— About this task —
Retype exactly the span of lines below from the one with "32 Gallon Kolor" through the one with "XX乡贯彻落实农业产业化建设会议精神情况汇报.doc". Do not include pictures.

— Available data —
———

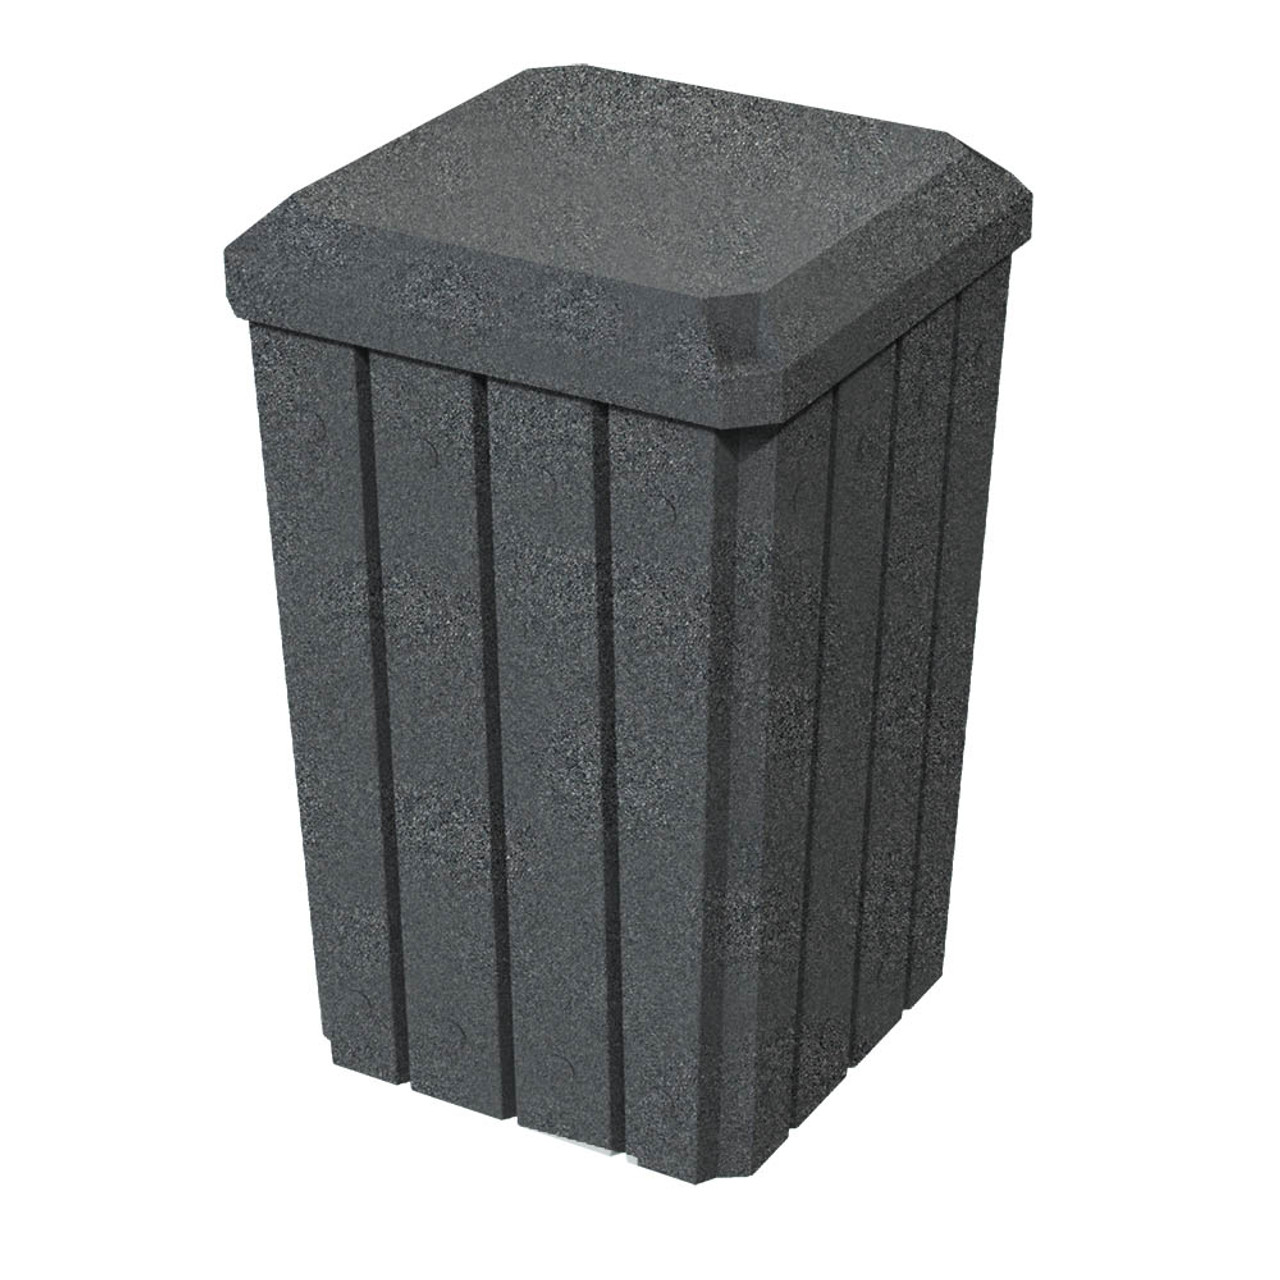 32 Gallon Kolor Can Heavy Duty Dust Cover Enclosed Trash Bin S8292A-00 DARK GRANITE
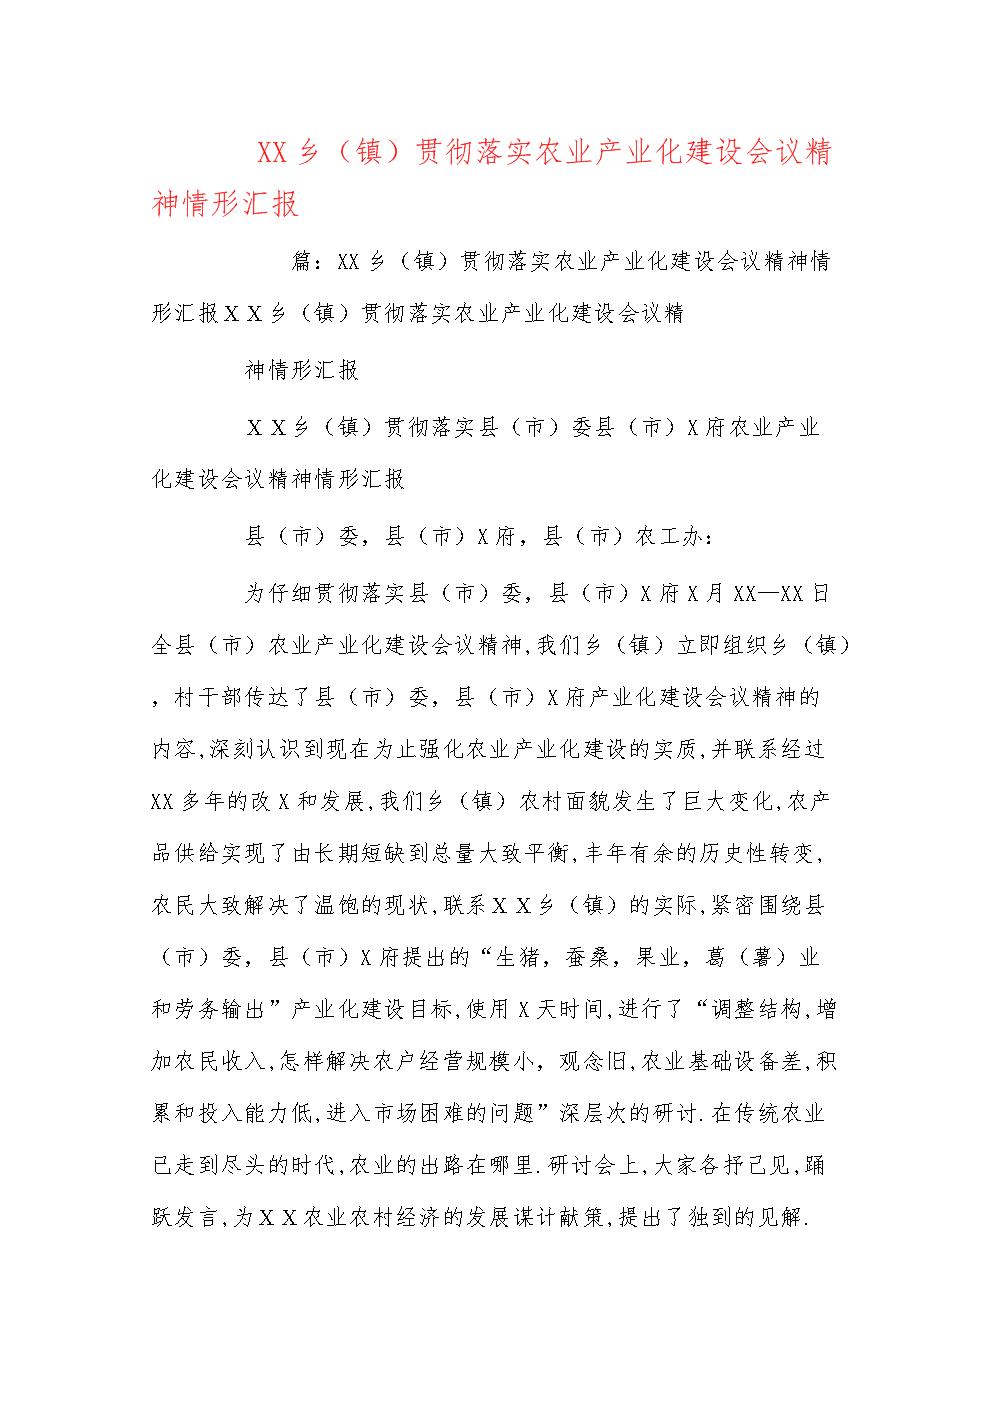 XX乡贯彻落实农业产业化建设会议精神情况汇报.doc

———

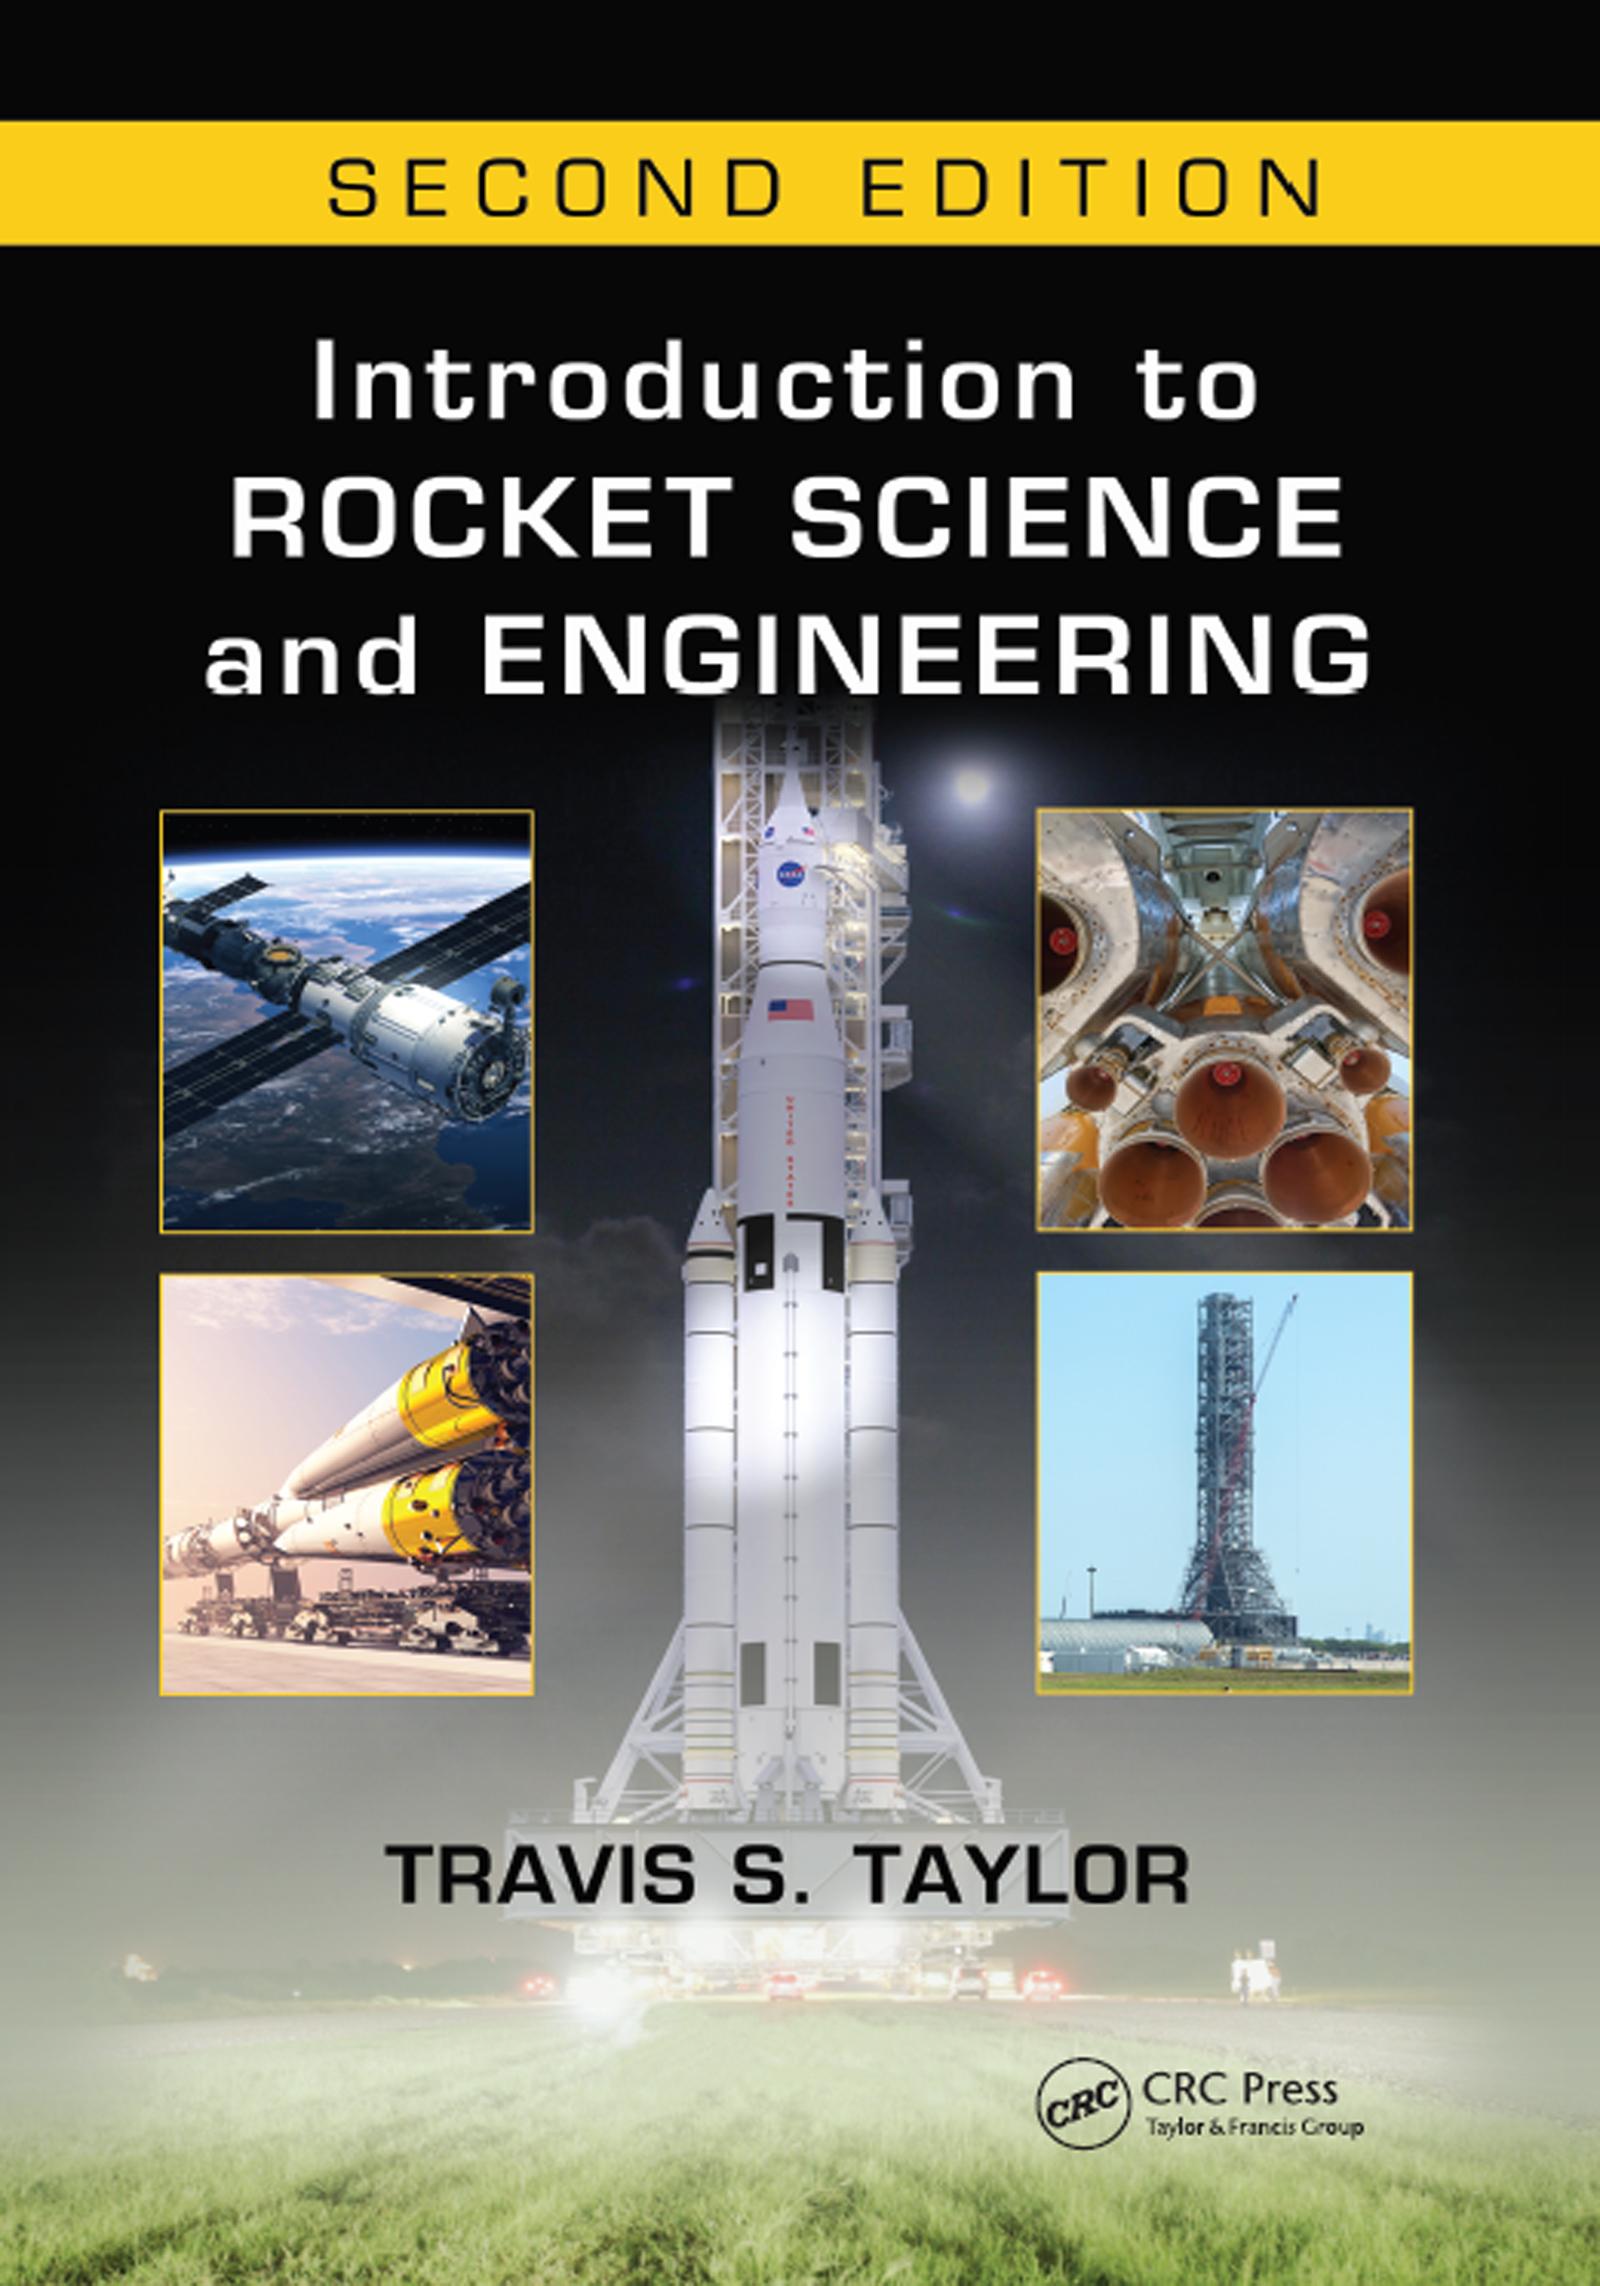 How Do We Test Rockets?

———

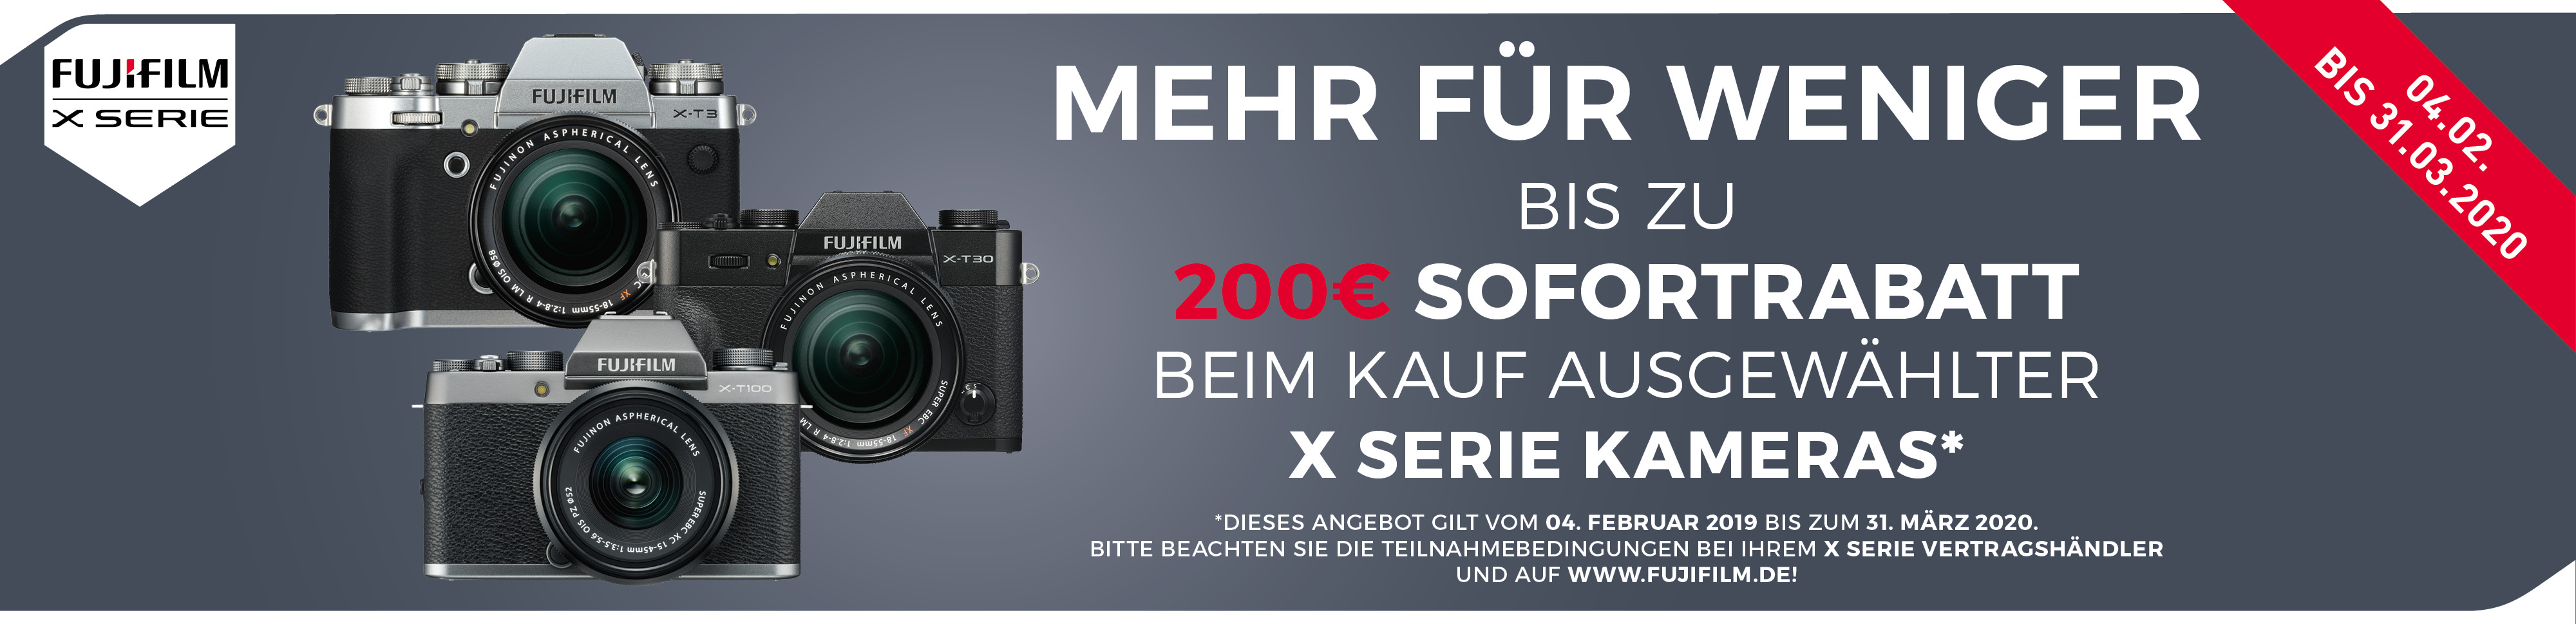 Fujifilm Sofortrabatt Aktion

———

— Output for this exercise —
 32 Gallon Kolor Can Heavy Duty Dust Cover Enclosed Trash Bin S8292A-00 DARK GRANITE
 XX乡贯彻落实农业产业化建设会议精神情况汇报.doc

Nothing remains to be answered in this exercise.